In the listing below, pick out lines with "Victorian".

## RAW DATA

- - - - -

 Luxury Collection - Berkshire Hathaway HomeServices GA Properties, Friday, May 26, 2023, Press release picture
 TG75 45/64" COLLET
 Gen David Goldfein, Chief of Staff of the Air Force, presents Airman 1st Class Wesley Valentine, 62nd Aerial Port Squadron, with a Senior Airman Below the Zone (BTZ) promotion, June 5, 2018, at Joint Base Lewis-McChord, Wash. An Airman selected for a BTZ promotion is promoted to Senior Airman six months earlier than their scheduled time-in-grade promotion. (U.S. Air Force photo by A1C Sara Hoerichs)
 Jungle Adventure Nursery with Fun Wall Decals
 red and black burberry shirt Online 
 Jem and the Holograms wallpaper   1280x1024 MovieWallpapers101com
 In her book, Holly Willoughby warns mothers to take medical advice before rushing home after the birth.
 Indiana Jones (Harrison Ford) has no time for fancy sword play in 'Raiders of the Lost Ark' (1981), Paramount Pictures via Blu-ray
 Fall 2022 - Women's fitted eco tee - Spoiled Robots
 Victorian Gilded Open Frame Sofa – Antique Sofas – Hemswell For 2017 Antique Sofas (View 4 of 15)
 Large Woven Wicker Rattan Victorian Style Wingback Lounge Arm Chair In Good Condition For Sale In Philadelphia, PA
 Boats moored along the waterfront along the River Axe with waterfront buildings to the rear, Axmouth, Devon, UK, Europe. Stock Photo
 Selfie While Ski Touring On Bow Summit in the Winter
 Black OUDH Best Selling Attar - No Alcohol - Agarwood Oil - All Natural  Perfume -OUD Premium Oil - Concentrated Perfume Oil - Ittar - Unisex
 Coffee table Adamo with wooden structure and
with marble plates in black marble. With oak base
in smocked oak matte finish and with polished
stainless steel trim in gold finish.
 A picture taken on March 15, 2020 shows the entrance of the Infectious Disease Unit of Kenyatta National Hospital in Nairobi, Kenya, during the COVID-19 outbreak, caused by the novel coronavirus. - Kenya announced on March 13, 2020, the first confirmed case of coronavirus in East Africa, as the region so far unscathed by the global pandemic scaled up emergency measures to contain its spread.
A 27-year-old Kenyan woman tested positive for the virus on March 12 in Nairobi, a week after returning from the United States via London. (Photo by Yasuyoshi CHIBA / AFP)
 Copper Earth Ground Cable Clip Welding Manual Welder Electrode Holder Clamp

- - - - -

## EXERCISE RESPONSE
 Victorian Gilded Open Frame Sofa – Antique Sofas – Hemswell For 2017 Antique Sofas (View 4 of 15)
 Large Woven Wicker Rattan Victorian Style Wingback Lounge Arm Chair In Good Condition For Sale In Philadelphia, PA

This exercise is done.